Given that a SQLite DB file has a platform-independent format, what advantages accrue from using a "binary database dump" over just copying the (binary) database file?

You save on size (indexes aren't included in the dump).

You save on complexity (no ensure-everything-is-checkpointed dance needed for WAL mode).

What sort of conversion time and file size performance to you see?

I'll have to amend some of the remarks about dump time. Apparently, the shell is slow at dumping blobs.

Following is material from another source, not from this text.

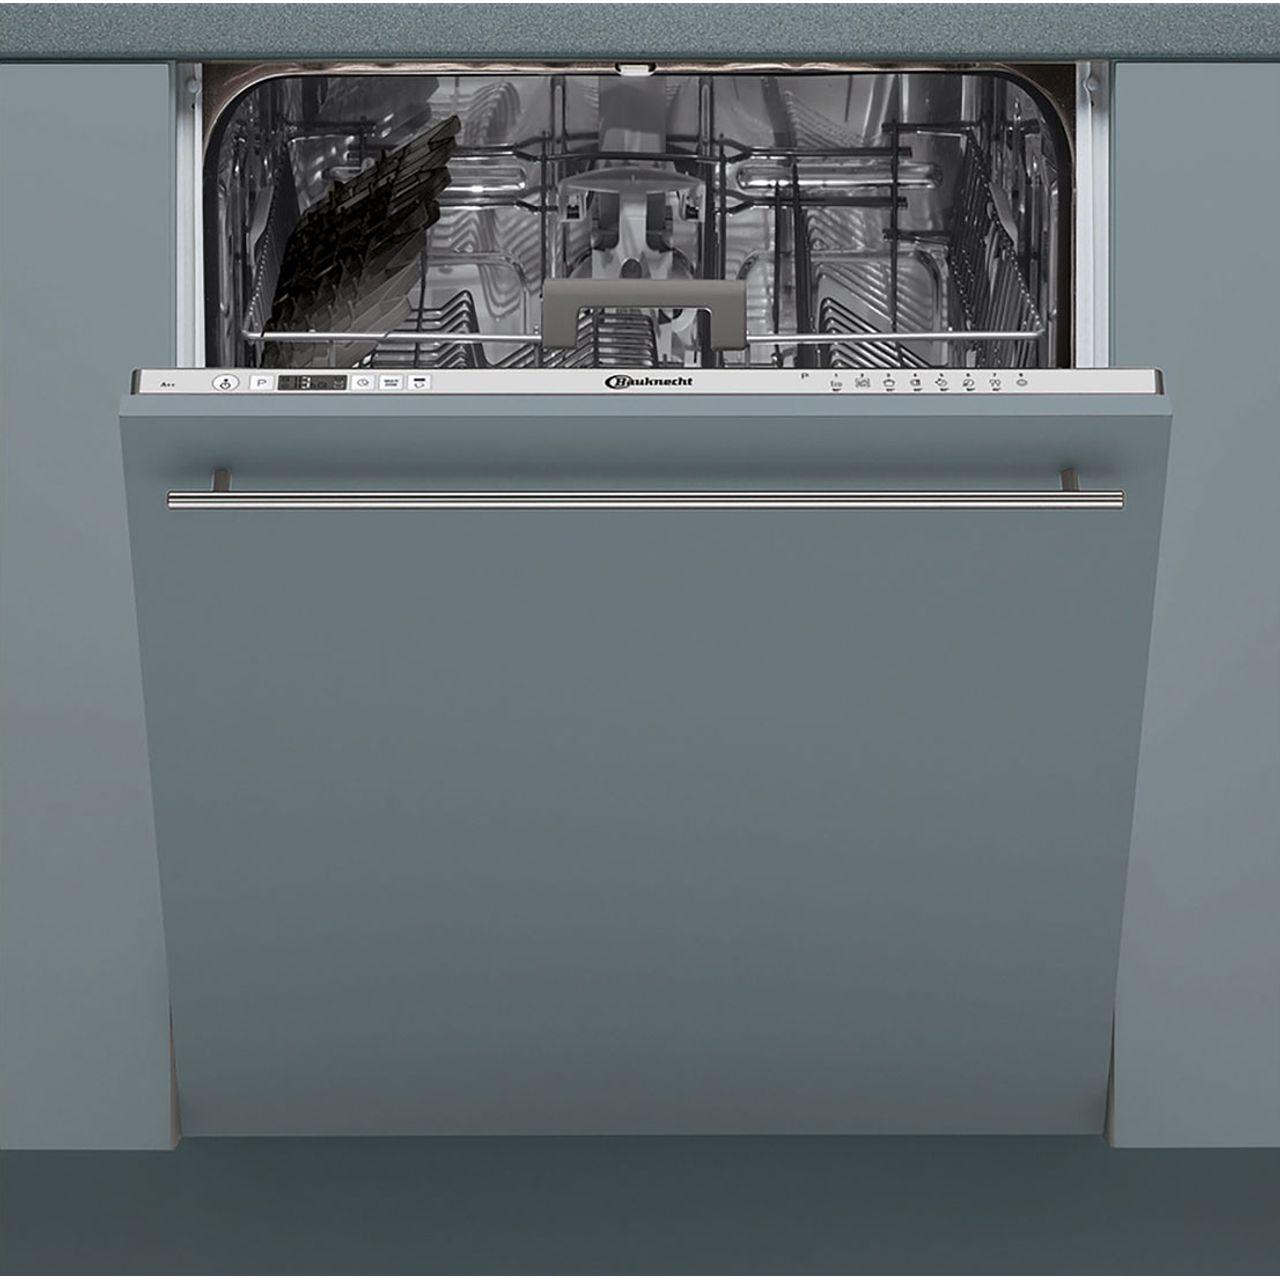 Bauknecht Bic 3c26 Vollintegrierter Geschirrspuler 60 Cm A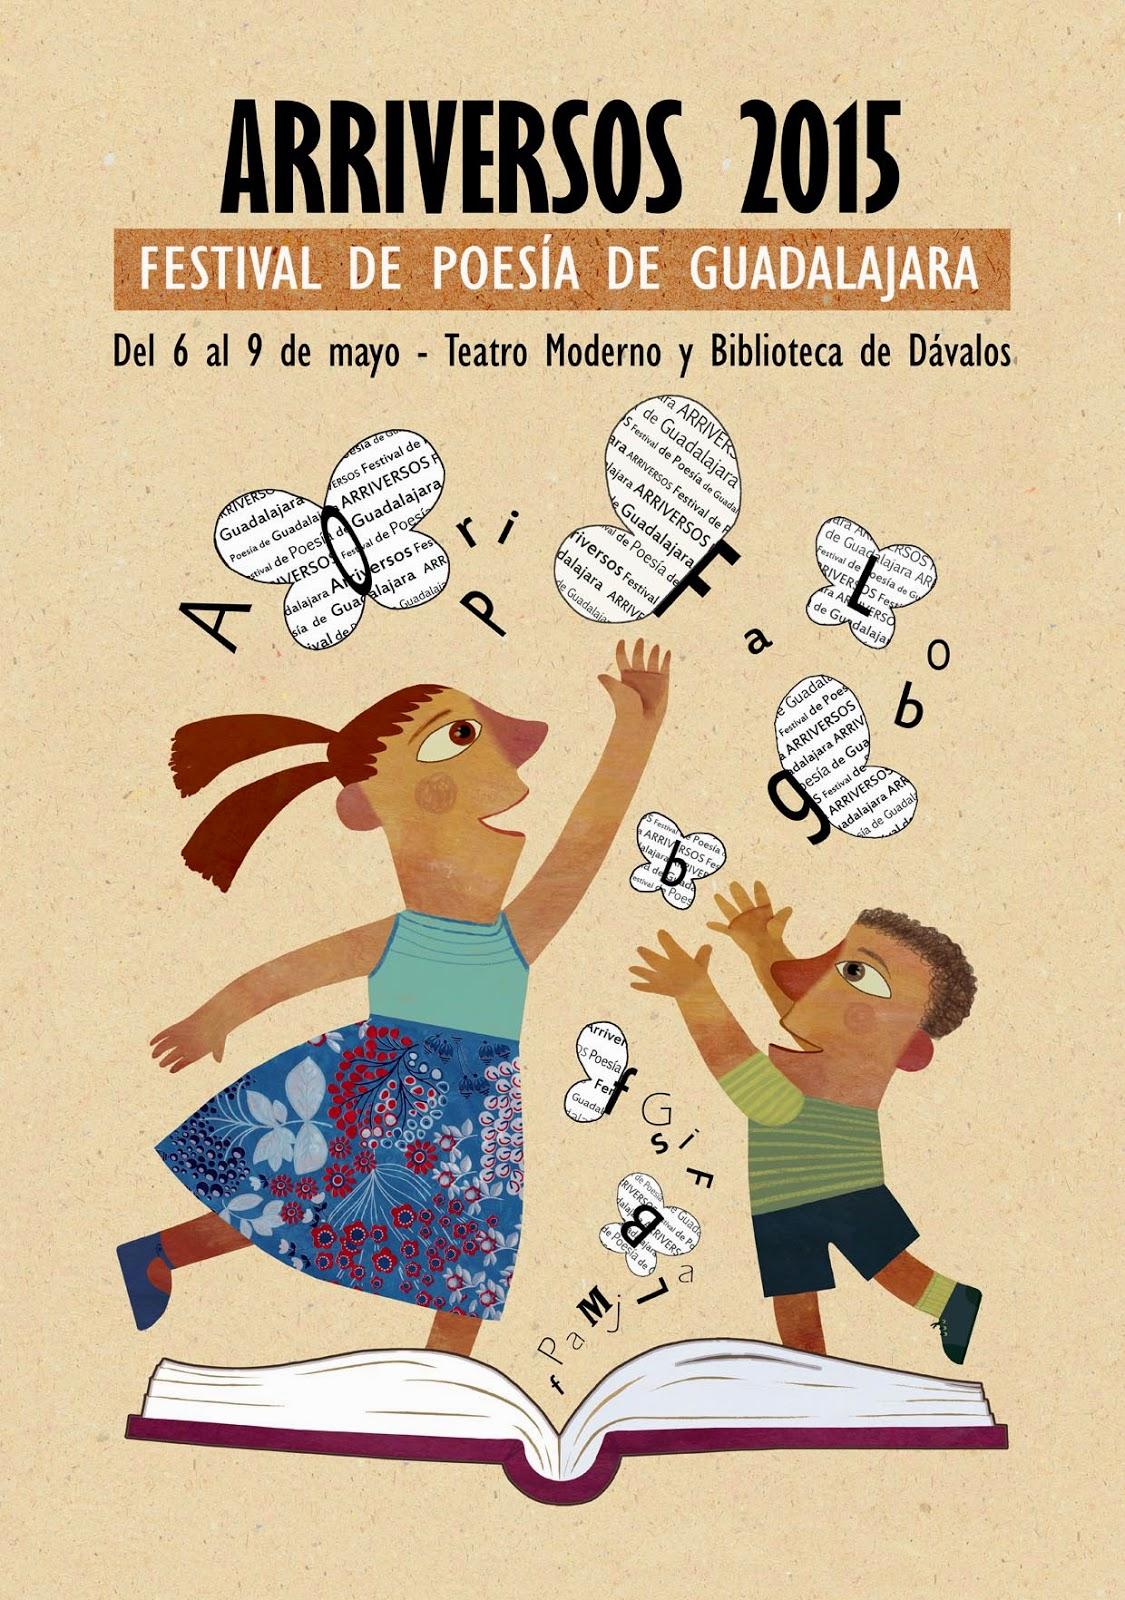 Arriversos, festival de poesía, Guadalajara, Susana Rosique, cartel, ilustración

Blob-heavy example: a recent sqlite.fossil with a size of 160 MB.

quantity sqlite3 s3bd
dump time (user+system) 11.76+0.31 0.45+0.15
dump size 288 MB 144 MB
reload time 3.10+0.48 1.14+0.32

Blobless example: a local cache of Disqus threads with a number of indexes, 122 MB.

quantity sqlite3 s3bd
dump time (user+system) 0.50+0.06 0.43+0.05
dump size 60 MB 46 MB
reload time 2.80+0.48 2.02+0.45

(6.1) By ddevienne on 2021-12-13 14:40:11 edited from 6.0 in reply to 4 [link] [source]

Can you please add the times of VACUUM INTO and .backup in the shell?
These are binary dumps as well, so might not suffer as much with blobs,
and would provide a fairer comparison with your new dump.

Also, to have a baseline for your file-system, the size+time of a pure file-copy of the DB?

(11) By anonymous on 2021-12-14 02:17:11 in reply to 6.1 [link] [source]

Using the same sqlite.fossil:

method time notes
cp 0.00+0.05 ¹ ²
.backup 0.03+0.25 ¹ ³
vacuum into 0.12+0.26 ¹ ³
s3bd 0.45+0.15

¹ no space saved
² synchronisation issues
³ not streamable

(12) By ddevienne on 2021-12-14 09:57:03 in reply to 11 [link] [source]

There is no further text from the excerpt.